At the same time, manufacturers benefited from a spike in demand for various goods, Avison Young explains, while some retailers needed industrial space to support their growing online business. “All of these factors occurred in a regional industrial market that has posted near-record-low vacancy for more than four years despite millions of square feet of new development being delivered annually amid rapidly rising rental rates and asset pricing,” the report adds. “COVID-19 does not appear to have impacted industrial vacancy, rental rates or asset pricing in Metro Vancouver.”

Office break

Of the 15 office deals in the first half of the year, three dominated: April’s $225-million sale of The Landing in Vancouver’s Gastown, the $218-million acquisition of Richmond’s Crestwood Corporate Centre office park in May and the same month’s $75-million sale of the 9500 Glenlyon Parkway building in Burnaby.

Although investors are still keen on quality office properties, which remain in short supply, most private and institutional buyers had shelved any major acquisitions by April as they mulled the future of office space post-COVID, Avison Young says. “The strong demand for B.C. office assets, particularly since 2017, temporarily retreated in the latter part of the first half of 2020 and will likely remain muted for the rest of 2020.”

Noting that this pullback is a trend in urban office markets worldwide, Avison Young is bullish on the Vancouver region. “Metro Vancouver’s strong office market fundamentals, including near-record-low vacancy downtown and in the suburbs, rental-rate appreciation and limited new supply being delivered regionally in the next three years, will continue to attract and hold investors’ attention in 2021 and beyond as economic activity normalizes.”

Let’s not go to the mall

Retail property deals fell to their lowest ebb since the first six months of 2011. “The 25 retail sales completed in the first half of 2020 largely consisted of small suburban strip malls, strata retail units in new developments and select retail storefronts in popular shopping districts in Vancouver and North Vancouver,” Avison Young explains. “The largest retail sale, the $21.15-million acquisition of two retail buildings at a busy intersection in Coquitlam, was largely based on the likely mixed-use redevelopment potential of the property.”

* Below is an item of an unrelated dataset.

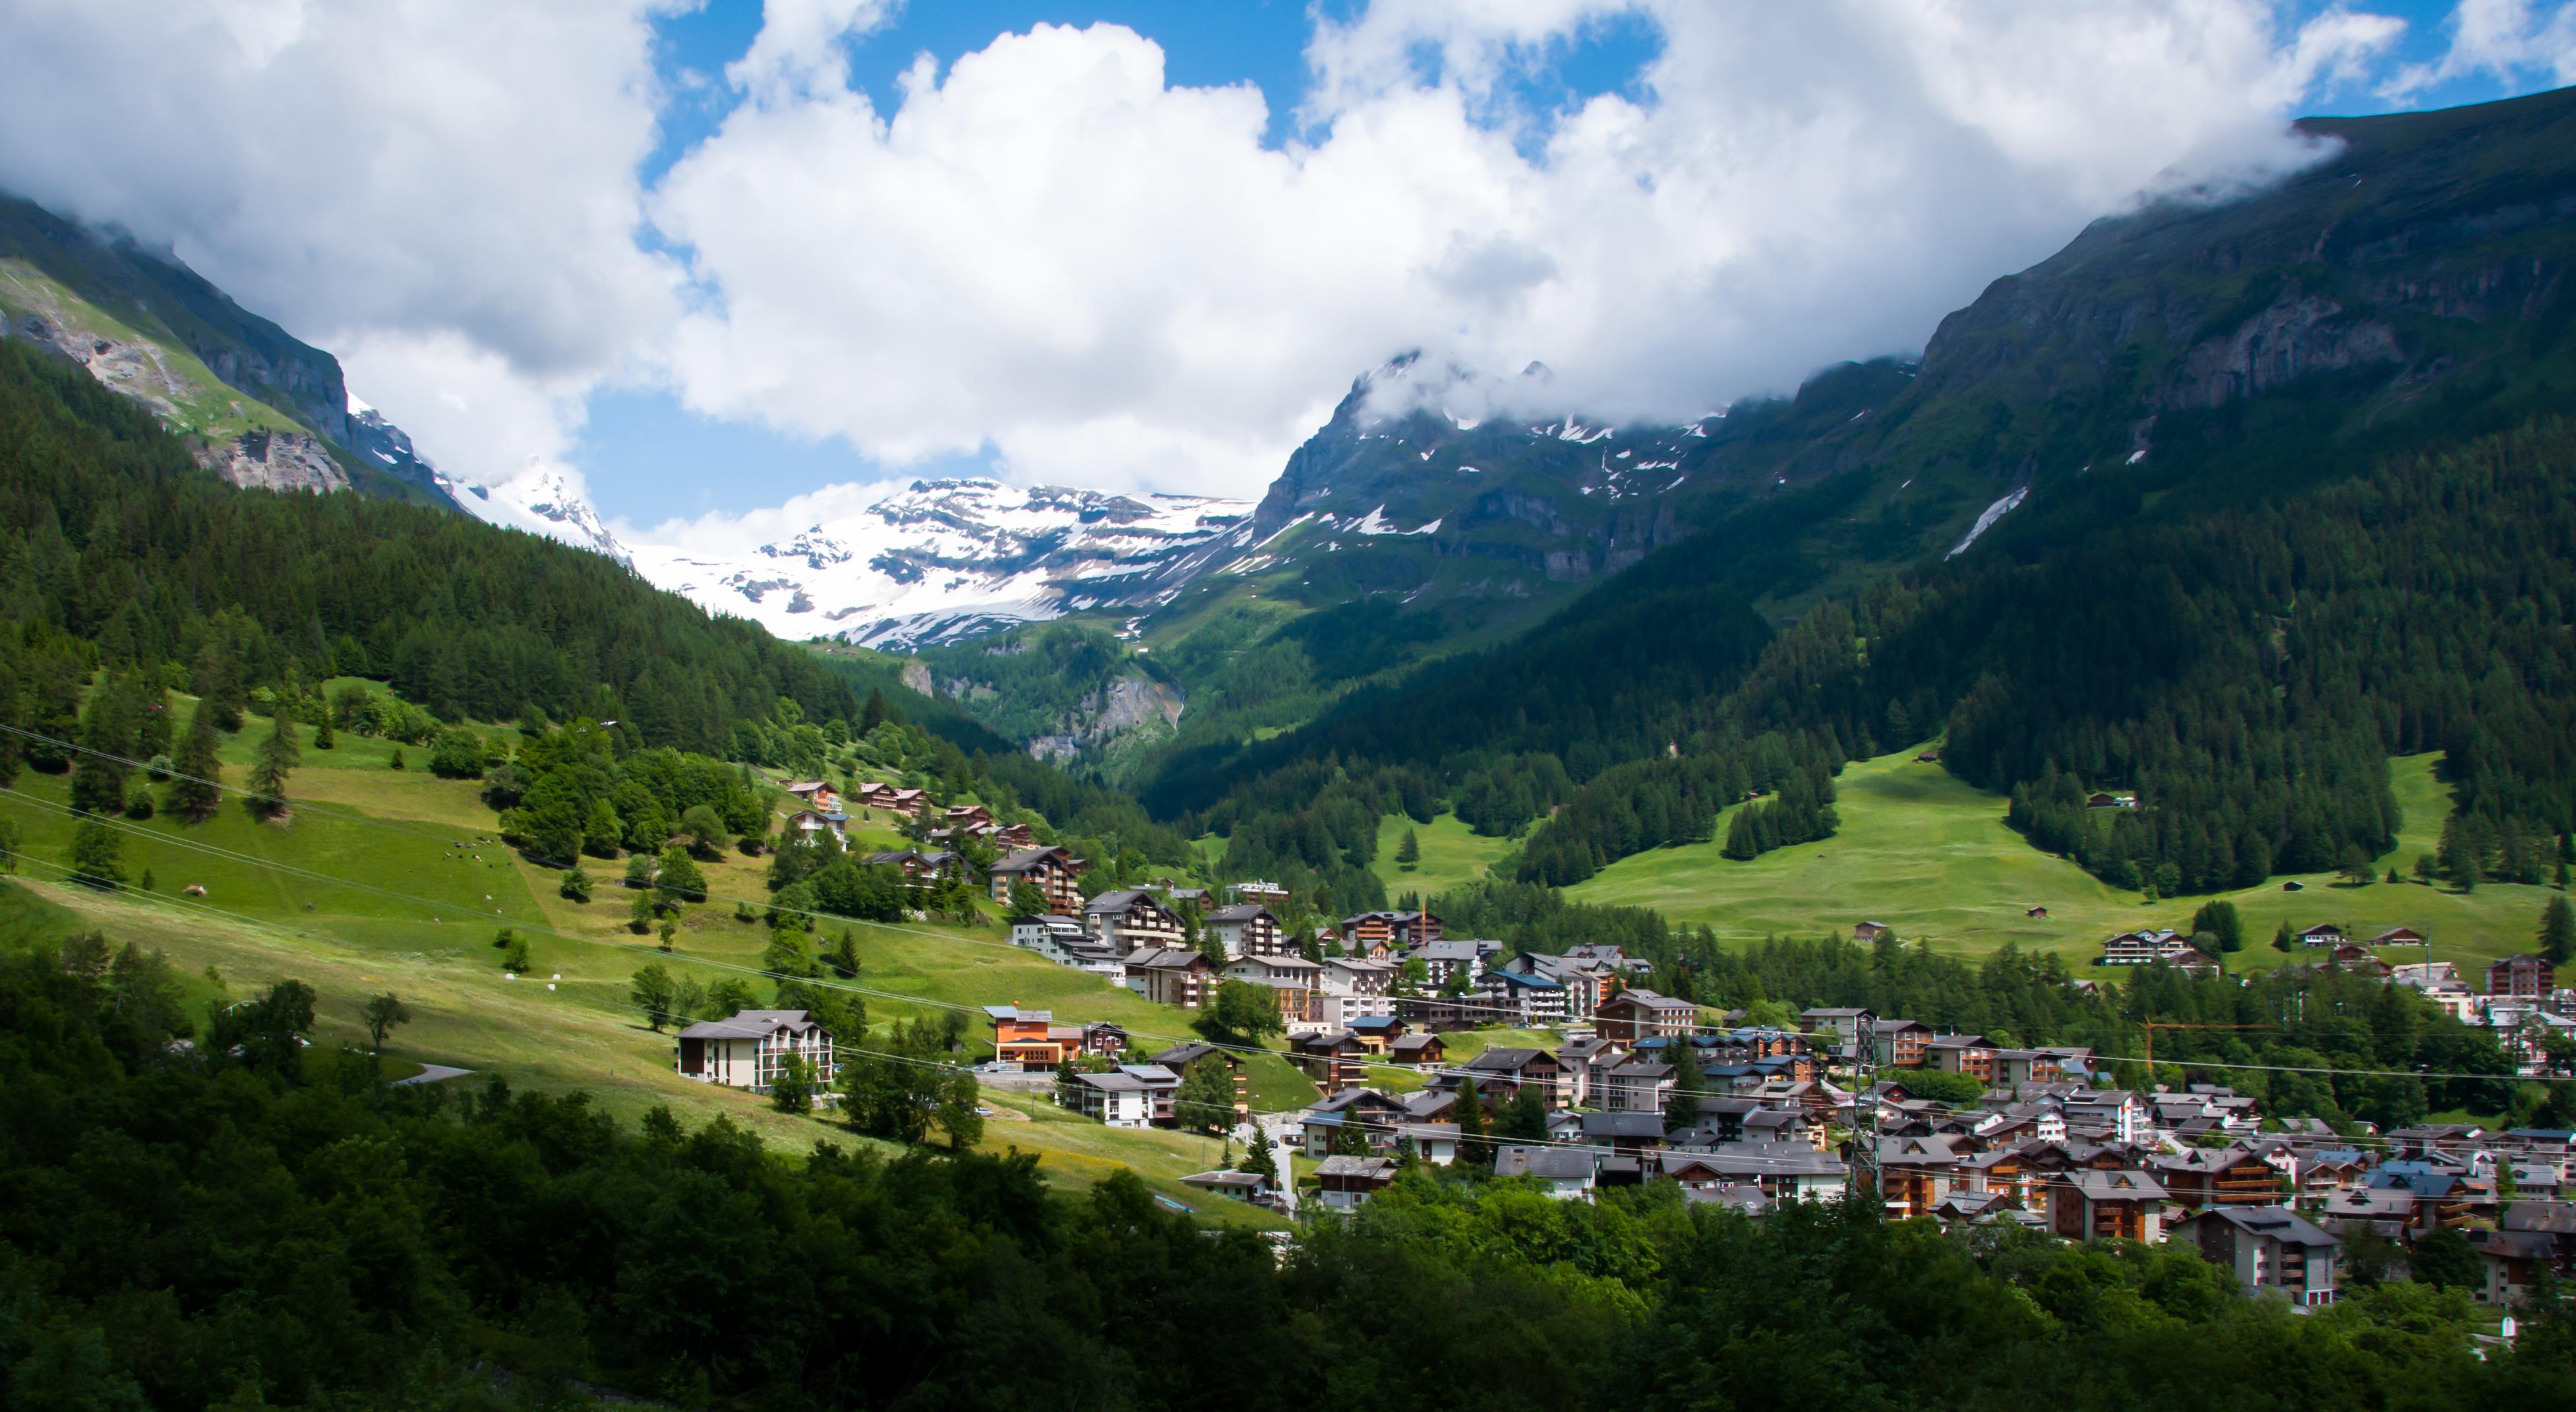 Village In Switzerland 4 Hd Wallpaper Background Image

As the reports points out, property with land value and development potential has driven the retail market over the past five years. Such assets were scarce in the first half, helping drive a decline in deal and dollar volume that began in 2019.

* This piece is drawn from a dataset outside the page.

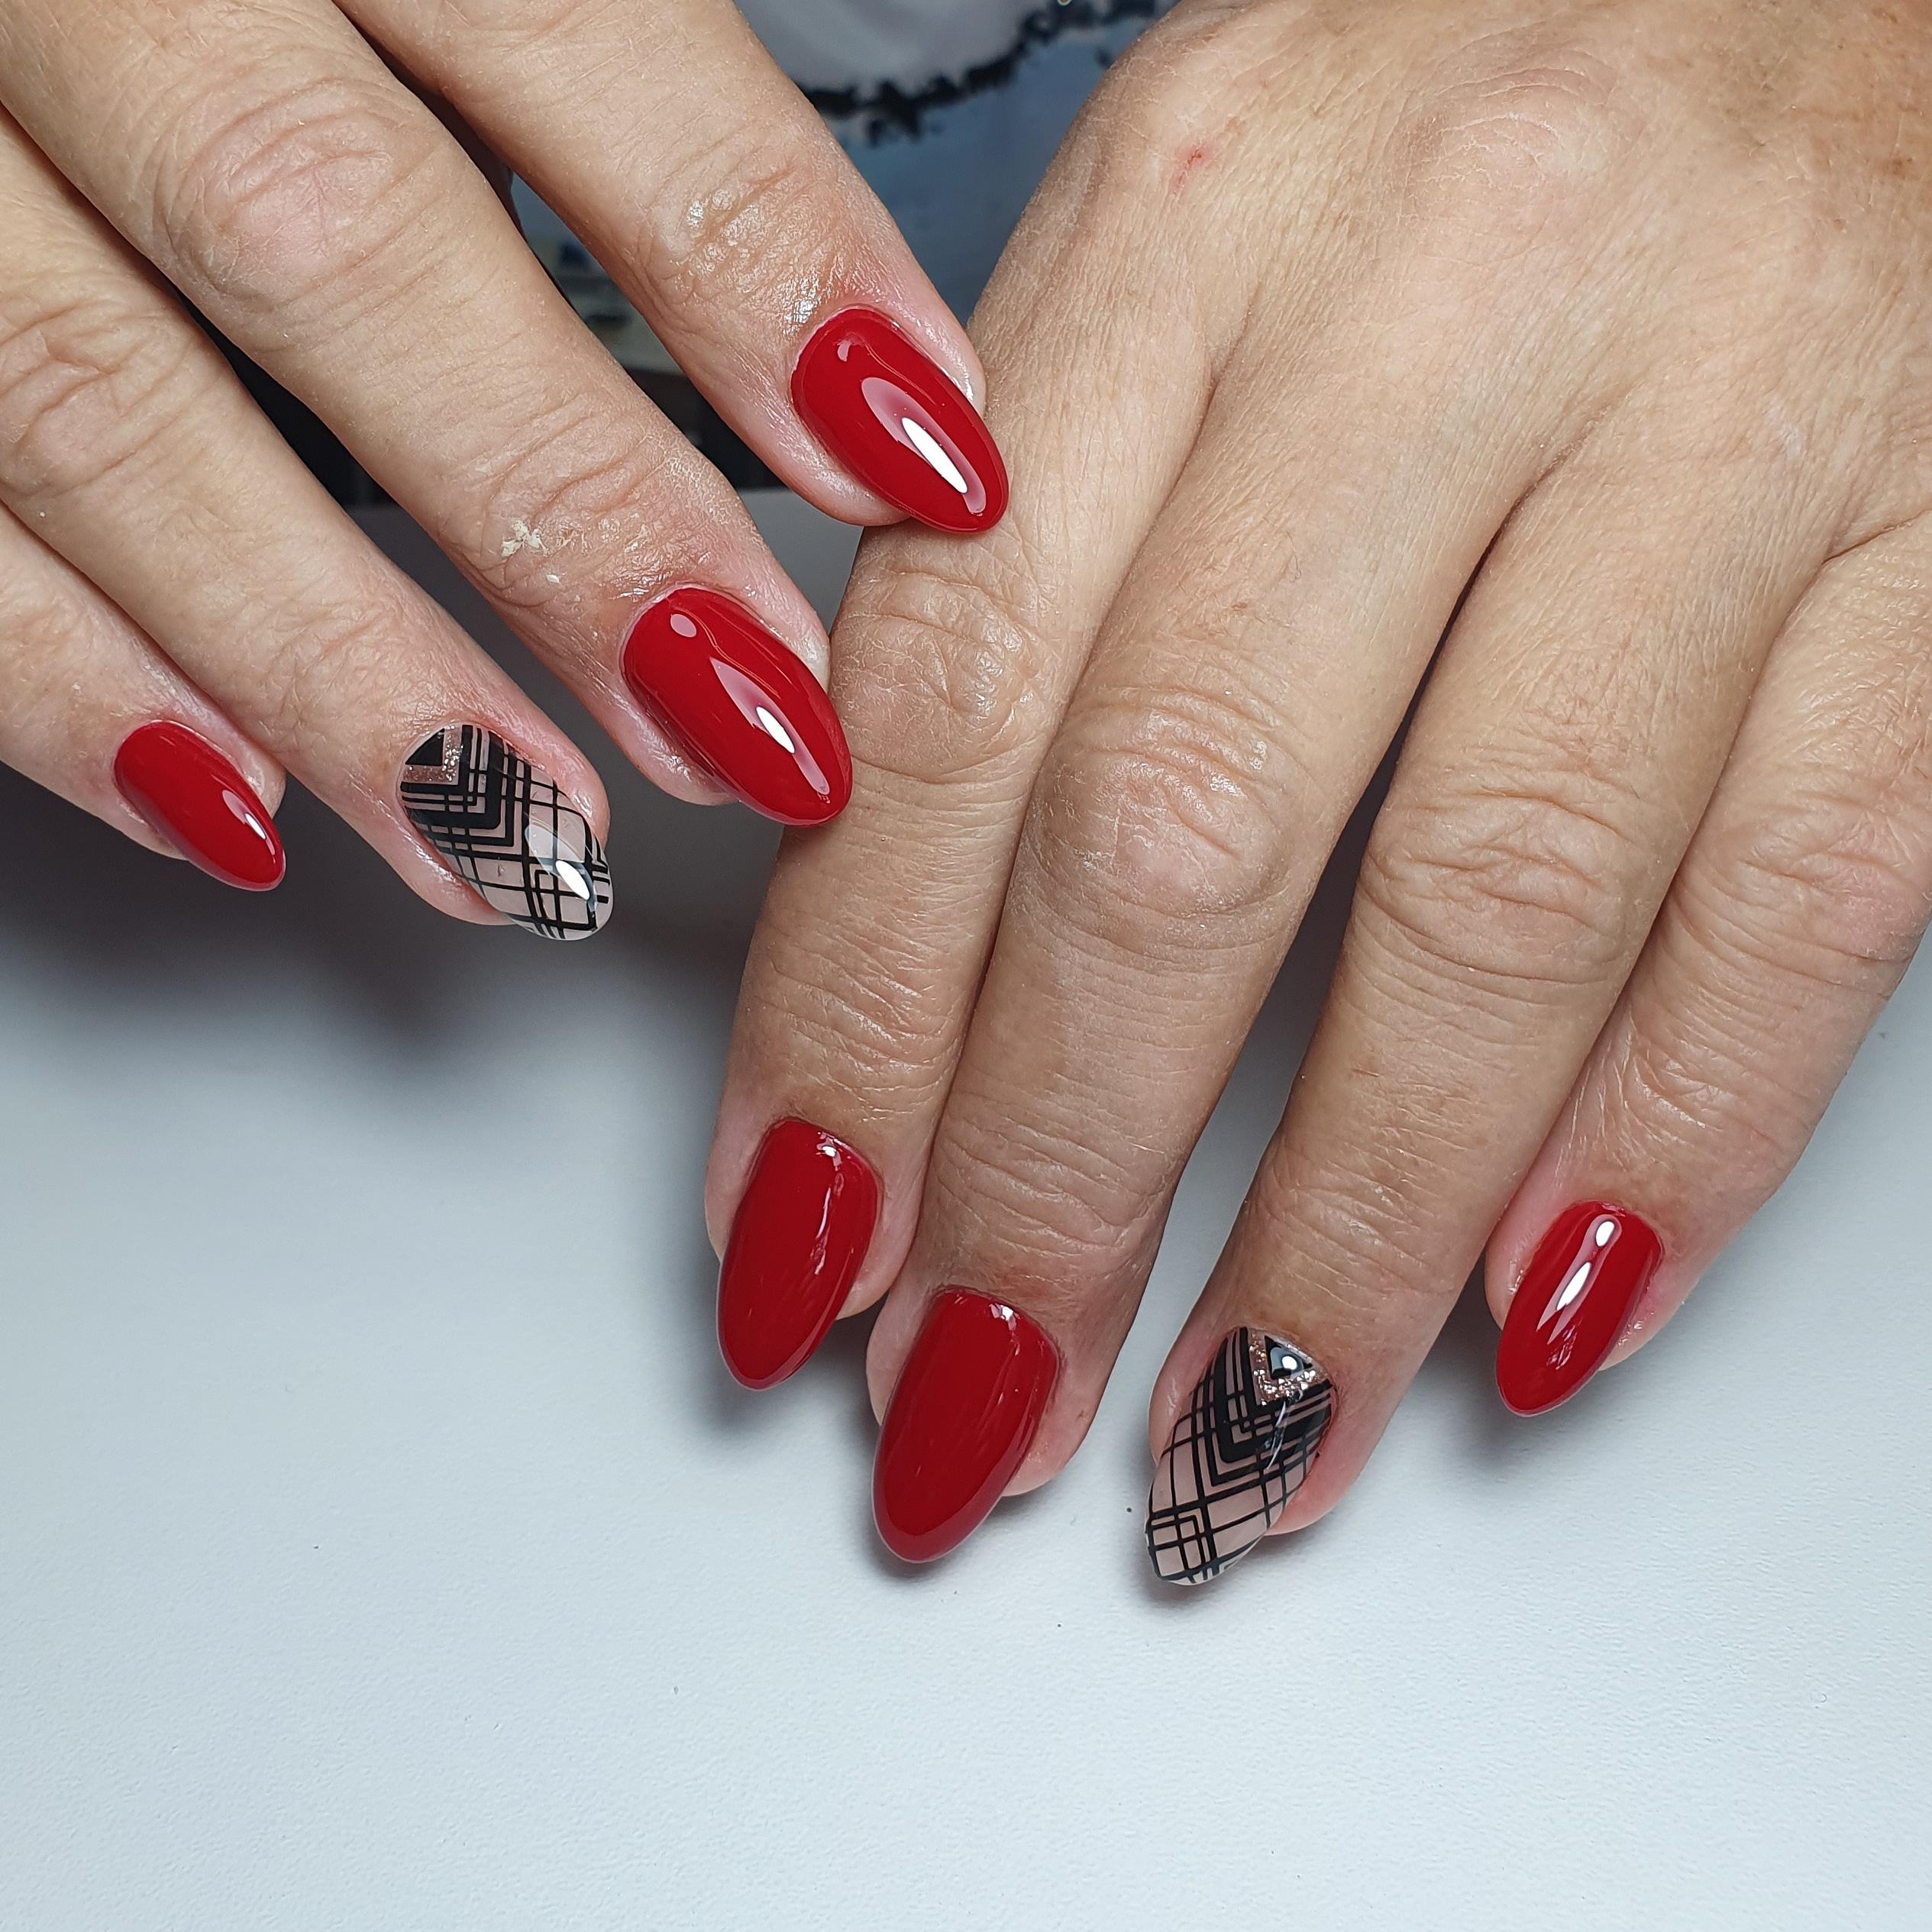 Геометрический маникюр в красном цвете.

Meanwhile, the shuttering of enclosed malls during the COVID lockdown—followed by reduced foot traffic when they reopened—and the rise of e-commerce left investors shy to pursue big traditional retail deals. Here, Avison Young singles out “assets that do not include a redevelopment component and/or lack the stabilized income necessary to carry the asset through multiyear rezoning and development permitting processes.”

Winners and losers

Looking ahead, Avison Young sees demand for industrial and multifamily properties driving the B.C. commercial real estate market for the rest of the year. “On the industrial side, logistics/distribution, e-commerce, select manufacturing related to home improvement, food processing and PPE providers as well as the film/television production industry remain active and eager to acquire/lease industrial space to accommodate demands that have arisen as a result of COVID-19.”

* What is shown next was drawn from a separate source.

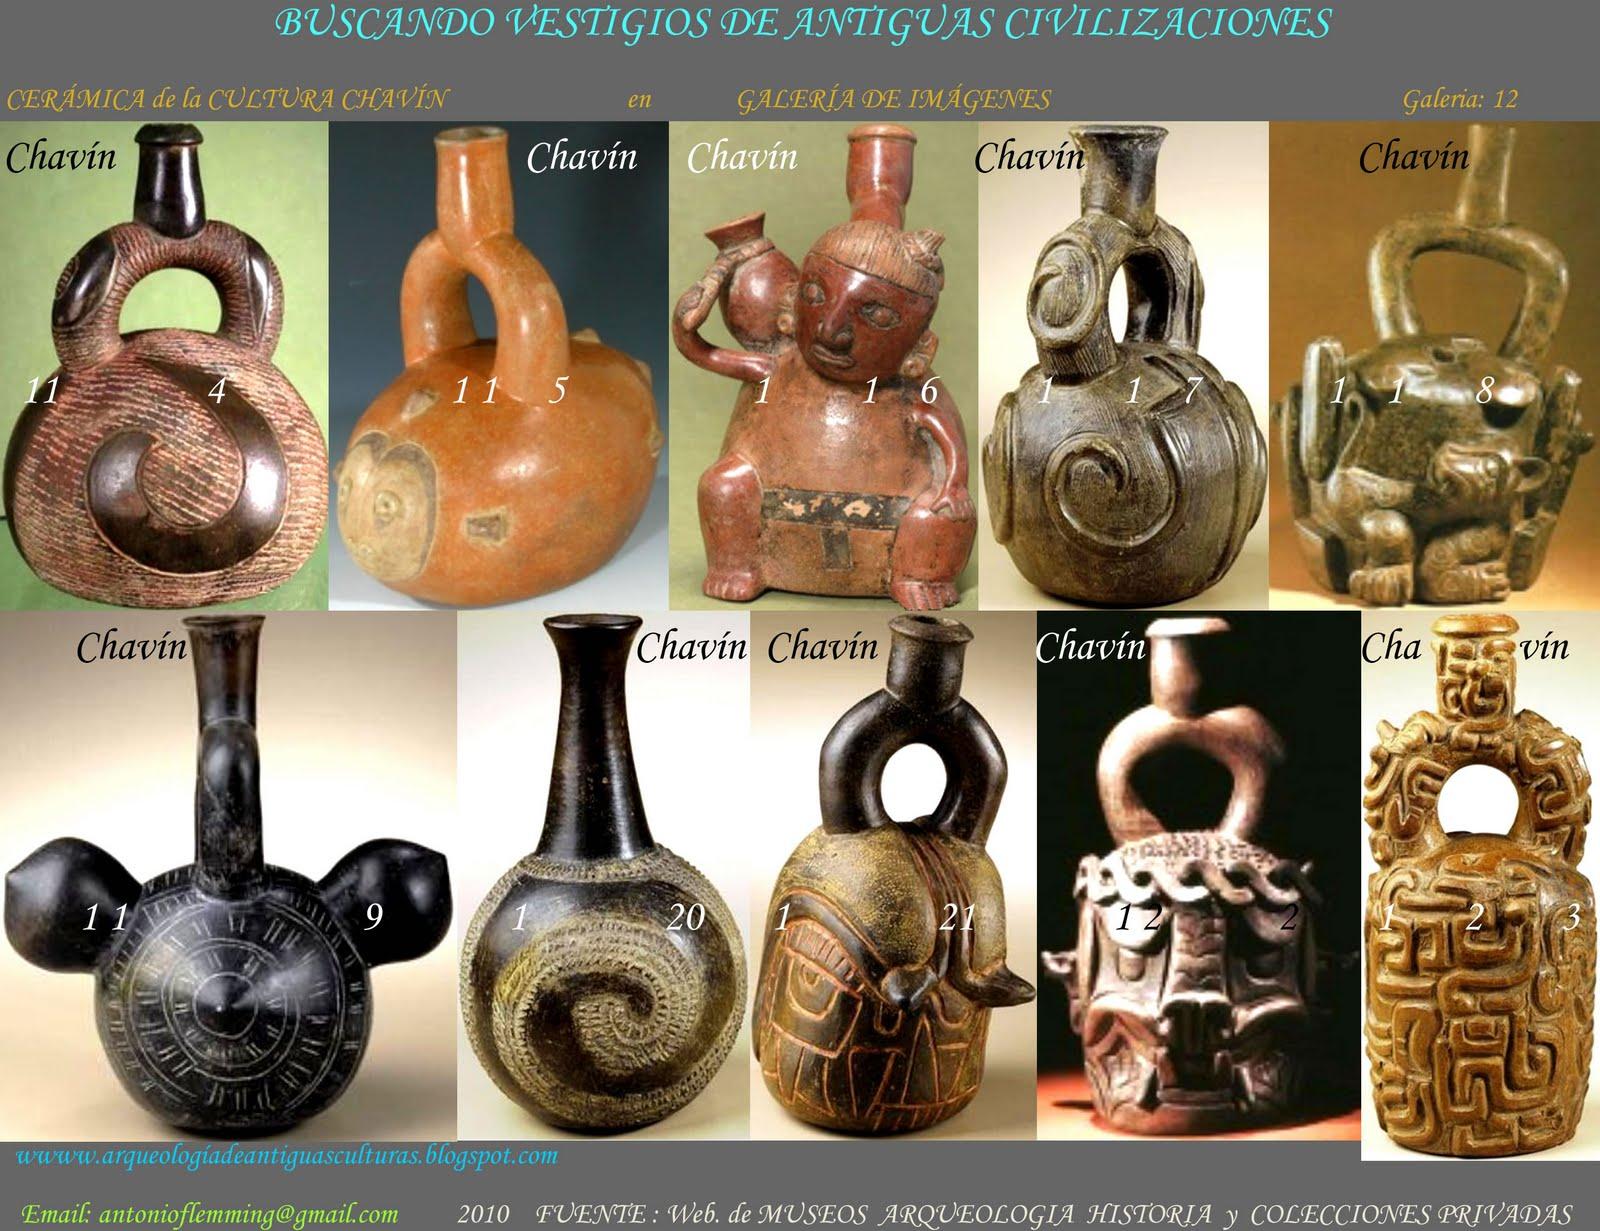 Buscando vestigios de antiguas civilizaciones fotos de - Fotos de ceramica ...

When it comes to retail, the pandemic only made things worse for traditional assets already facing headwinds from e-commerce, the report says. But deals will continue, Avison Young predicts, citing properties such as retail strata units and single-tenant storefronts in established shopping districts. “Retail assets with underlying land value that can be unlocked through mixed-use redevelopment will continue to transact as long as some certainty regarding permitting timelines is provided.”